An exact copy of the lines of the listing below between the "Chill Textured Sweater Jacket" line and the "Travis Scott and" line, both included, is the whole answer; please omit the pictures.

** Opening Entries supplied block **

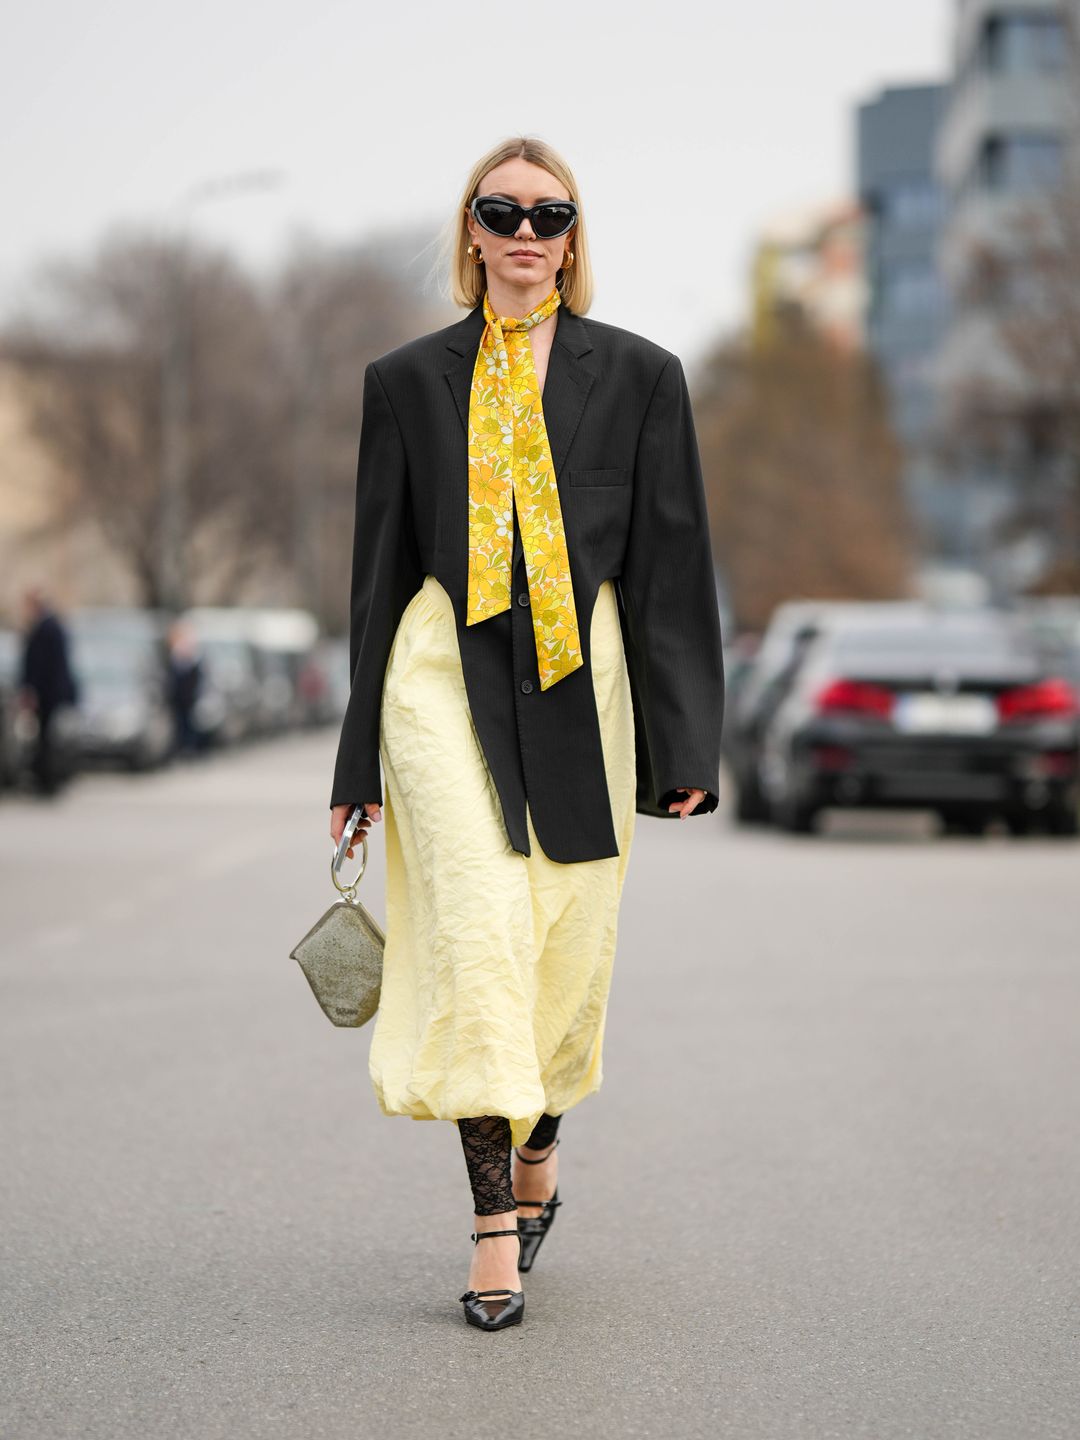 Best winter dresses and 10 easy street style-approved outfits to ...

** Closing Entries supplied block **
** Opening Entries supplied block **

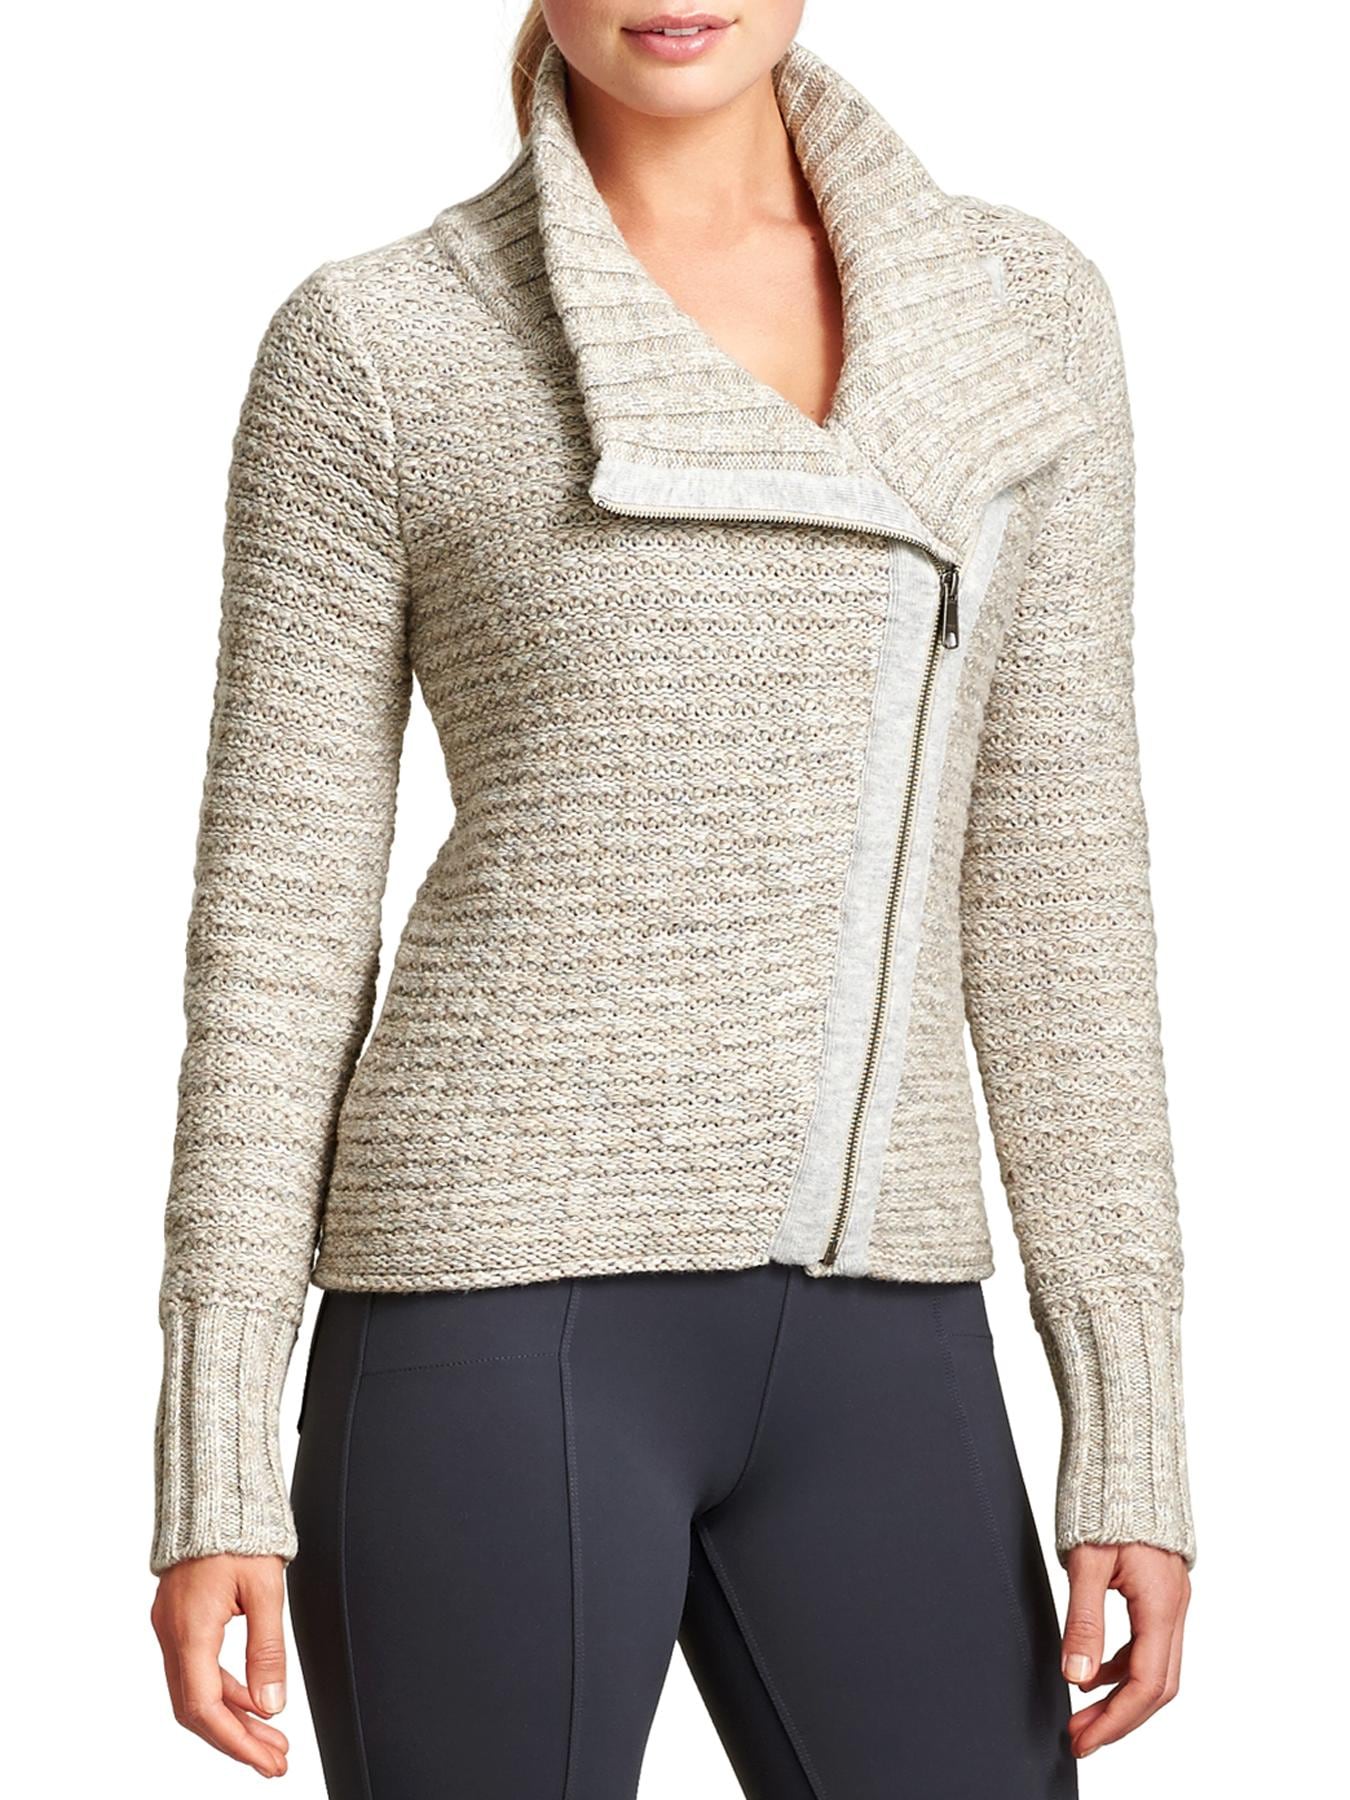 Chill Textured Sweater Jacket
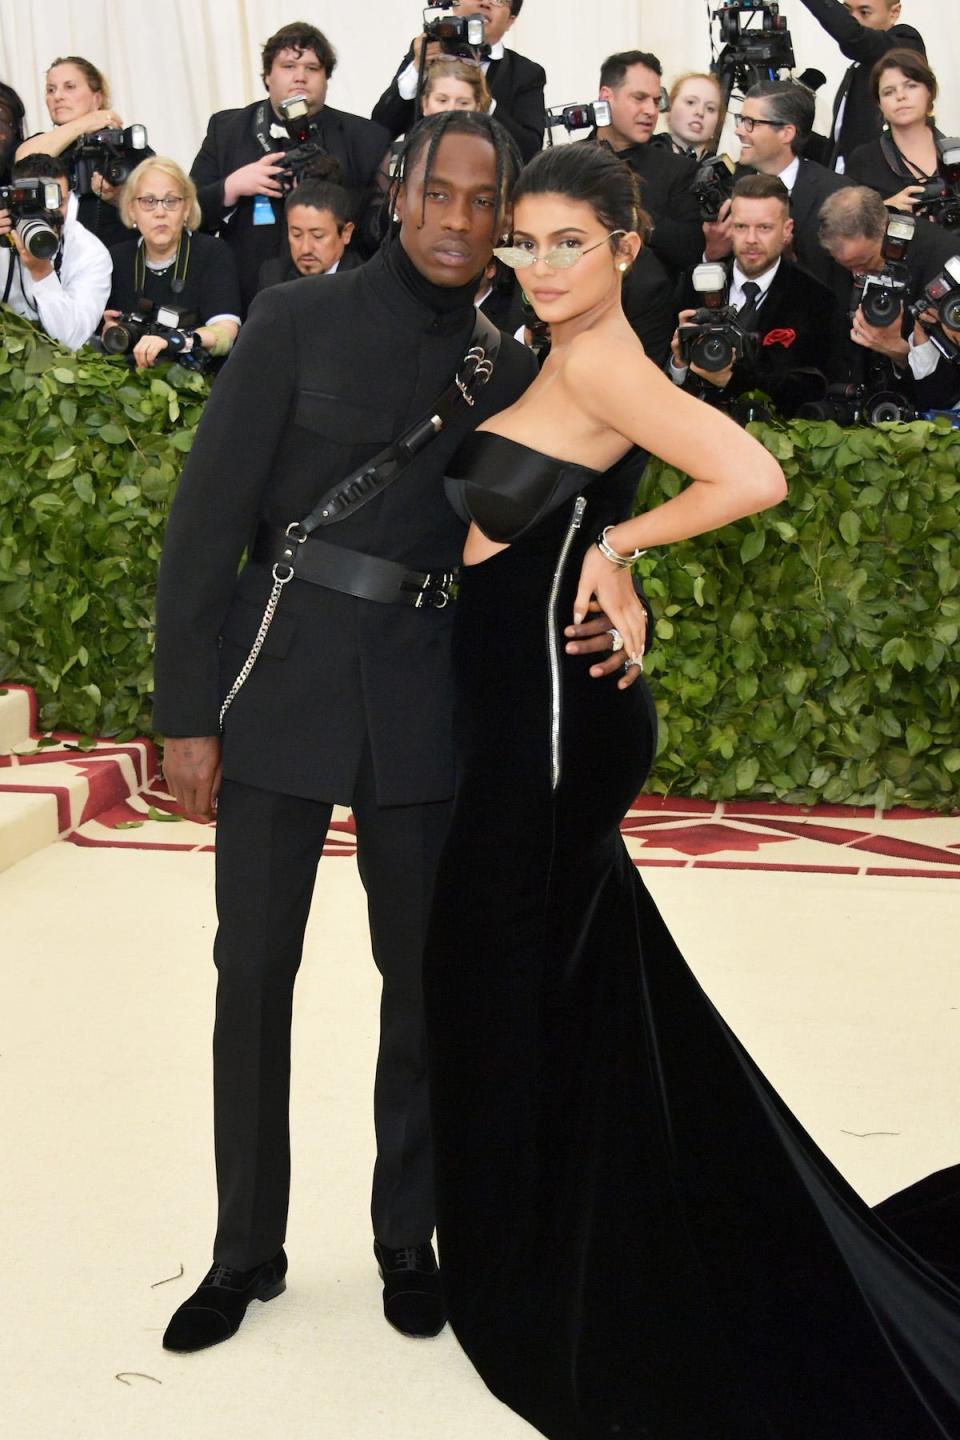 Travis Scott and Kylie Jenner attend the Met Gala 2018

** Closing Entries supplied block **

Final answer:
 Chill Textured Sweater Jacket
 Travis Scott and Kylie Jenner attend the Met Gala 2018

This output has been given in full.